Crithidia fasciculata, a protozoan parasite related to the trypanosomes, has an unusual mitochondrial DNA known as kinetoplast DNA (kDNA). (^1)kDNA consists of 5000 minicircles and 25 maxicircles, all of which are topologically interlocked into one giant network. This kDNA network is condensed into a disc-like structure in the mitochondrial matrix. As part of our studies of kDNA replication, we previously purified a mitochondrial DNA polymerase from this parasite(1) . This enzyme differs from a conventional mitochondrial polymerase (DNA polymerase ), which typically is large in size, is highly processive, has a 3`-exonuclease activity, and has high fidelity (reviewed in (2) ). The C. fasciculata mitochondrial enzyme is small (43 kDa), poorly processive, deficient in exonuclease activity, and low in fidelity(3) . These properties are characteristic of a DNA polymerase beta (pol beta), a nuclear enzyme that efficiently fills small gaps in duplex DNA and is believed to function in DNA repair (reviewed in (2) ). Despite its similarity to a nuclear enzyme, the C. fasciculata polymerase is clearly mitochondrial. It was purified from a mitochondrial fraction, and by immunofluorescence it localized to two complexes of replication proteins situated on opposite sides of the kinetoplast disk(4) . These complexes, which are thought to be the site of minicircle replication, also contain topoisomerase II (5) and minicircles that are probably replication intermediates(4) .

To further characterize this mitochondrial polymerase, we cloned and sequenced its gene, allowing us to determine its relationship to other polymerases. Pol beta's sequence is highly conserved among vertebrates, although the yeast pol beta has lower homology, about 26% identity at the amino acid level. A comparison of the known pol betas with all other DNA polymerases, either prokaryotic or eukaryotic, indicates that they are related to only one other nucleotide polymerizing enzyme, terminal deoxynucleotidyltransferase. Pol beta and terminal deoxynucleotidyltransferase are so distinct from the other polymerases that they are the sole members of their own class of enzymes, the family X DNA polymerases(6, 7) . However, recent crystallographic analysis of rat pol beta revealed a DNA binding channel with some similarities to those found in other DNA polymerases(8, 9, 10) . The crystal structure suggests that pol beta utilizes a nucleotidyl transfer mechanism similar to that of other polymerases and implicates three invariant aspartic acid residues as essential for catalytic activity.

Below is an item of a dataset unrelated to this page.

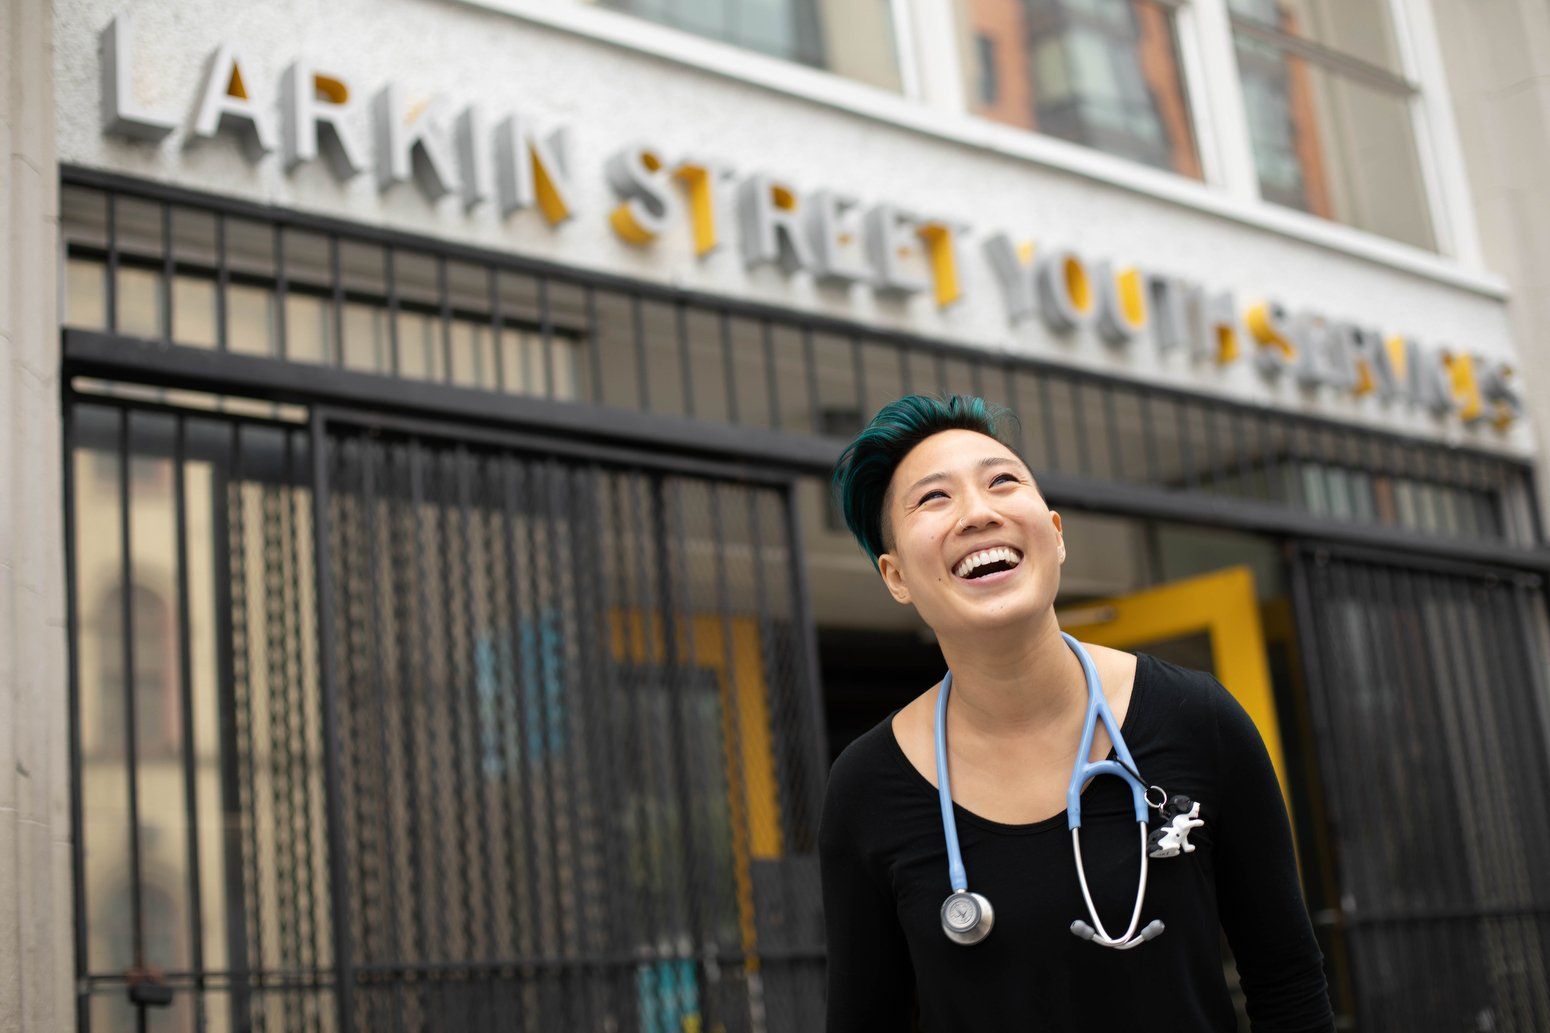 Woman wearing stethoscope laughing outside Larkin Street Youth Services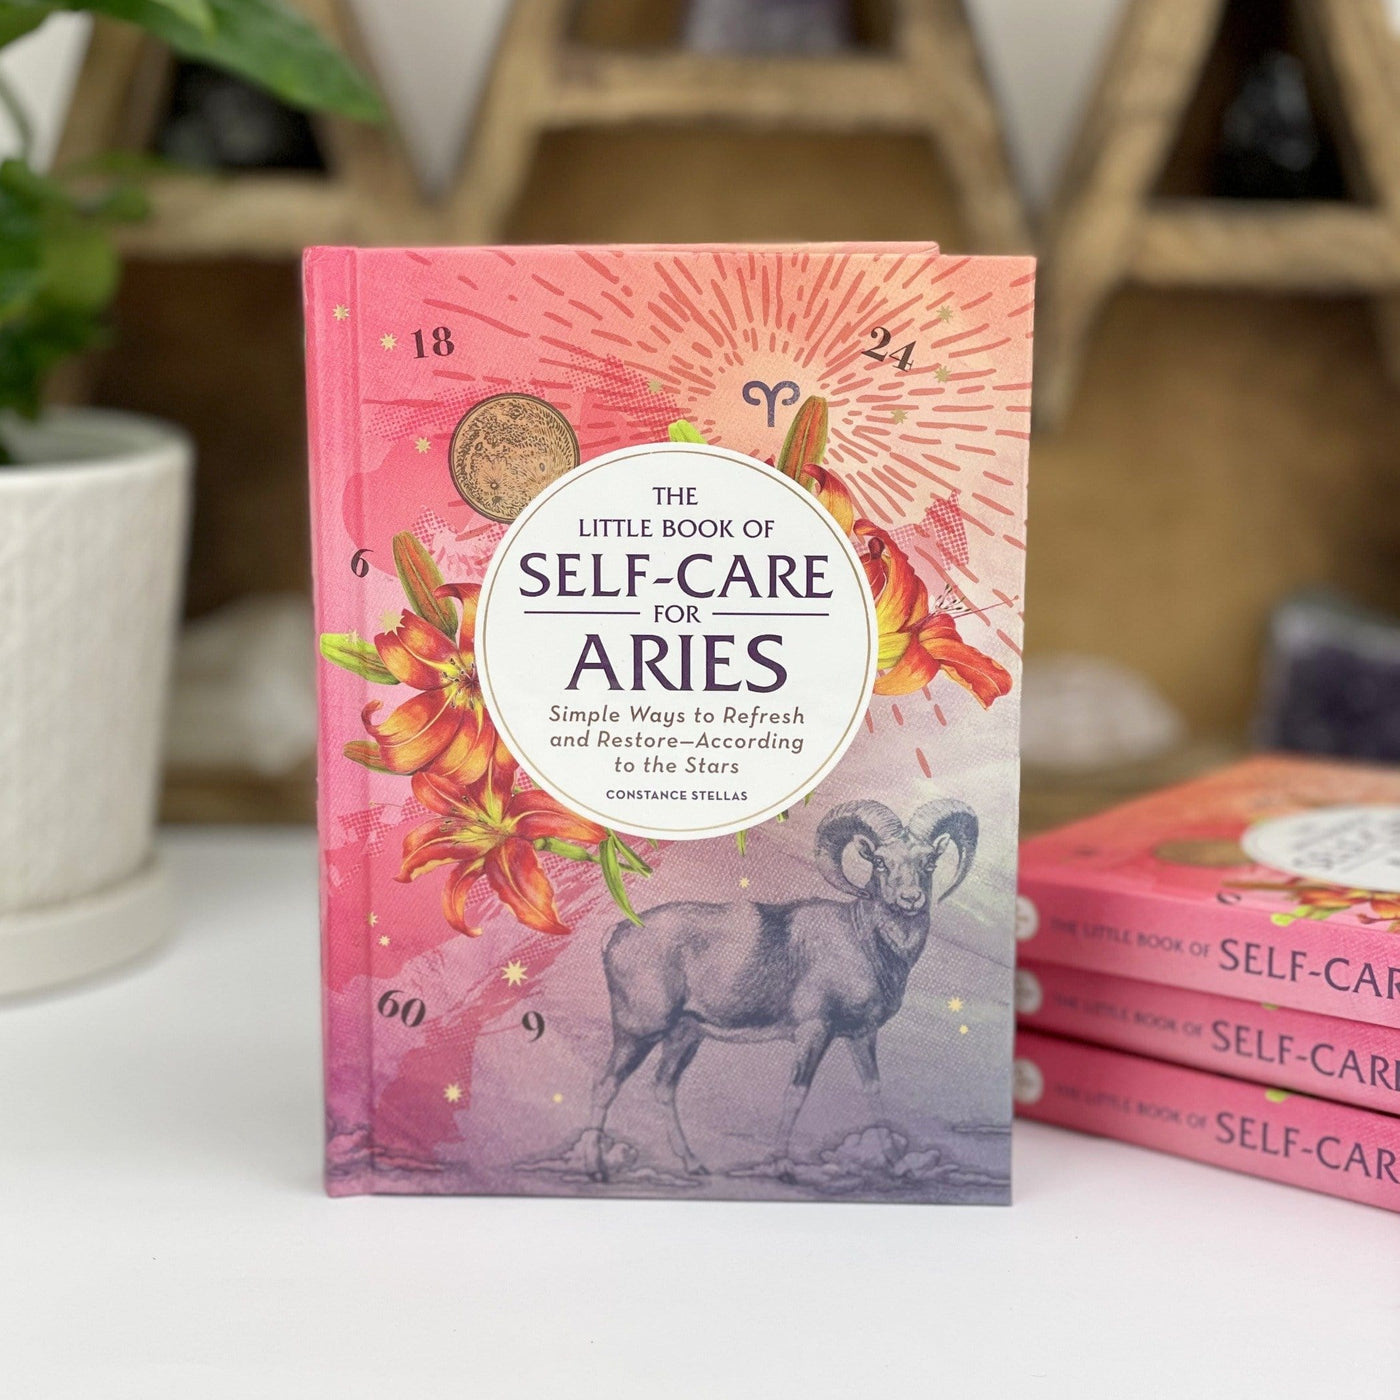 The Little Book of Self-Care for Aries Book in a pink color

In sequencing the gene encoding the C. fasciculata mitochondrial polymerase, we found 33% identity, at the amino acid level, to human pol beta. In addition, the C. fasciculata enzyme has a cleaved N-terminal presequence that is similar to import signals on other C. fasciculata mitochondrial proteins. This enzyme is the first example of a mitochondrial pol beta identified in any organism.


EXPERIMENTAL PROCEDURES

Protein Sequencing

The C. fasciculata mitochondrial polymerase (Fraction 10) was purified as described previously(1) . Protein sequencing was performed by the Wistar Protein Microchemistry Laboratory (Philadelphia, PA). The homogeneous enzyme (0.5 nmol) was fractionated by SDS-polyacrylamide gel electrophoresis (12% resolving gel) and then electroblotted onto polyvinylidene difluoride membranes (Bio-Rad). The membrane was stained with 0.1% Amido Black in 10% acetic acid for 1 min, destained in 5% acetic acid for 1 min, and then washed in water for 15 min. The protein band was cut from the membrane and sent for analysis. The N-terminal sequence was obtained from intact protein. For internal sequences, the protein was digested with trypsin and the eluted tryptic fragments were purified by reverse phase high pressure liquid chromatography. Selected individual tryptic fragments were then sequenced.

Preparation of DNA

C. fasciculata cells (11) were sedimented at 5000 times g for 10 min at room temperature and resuspended (10^9 cells/ml) in lysis buffer (0.1 M NaCl, 0.1 M Tris, pH 8.0, 0.1 M EDTA, 1% SDS). The lysate was incubated at 37 °C for 1 h with RNase A (0.2 mg/ml) and then incubated at 37 °C for 1 h with Proteinase K (0.5 mg/ml). The sample was extracted (with equal volumes of phenol and phenol/CHCl(3) (1:1 ratio) and CHCl(3)), and the DNA was precipitated with isopropyl alcohol and then resuspended in 10 mM Tris-HCl, pH 8.0, 0.1 mM EDTA at a concentration of 0.1 mg/ml.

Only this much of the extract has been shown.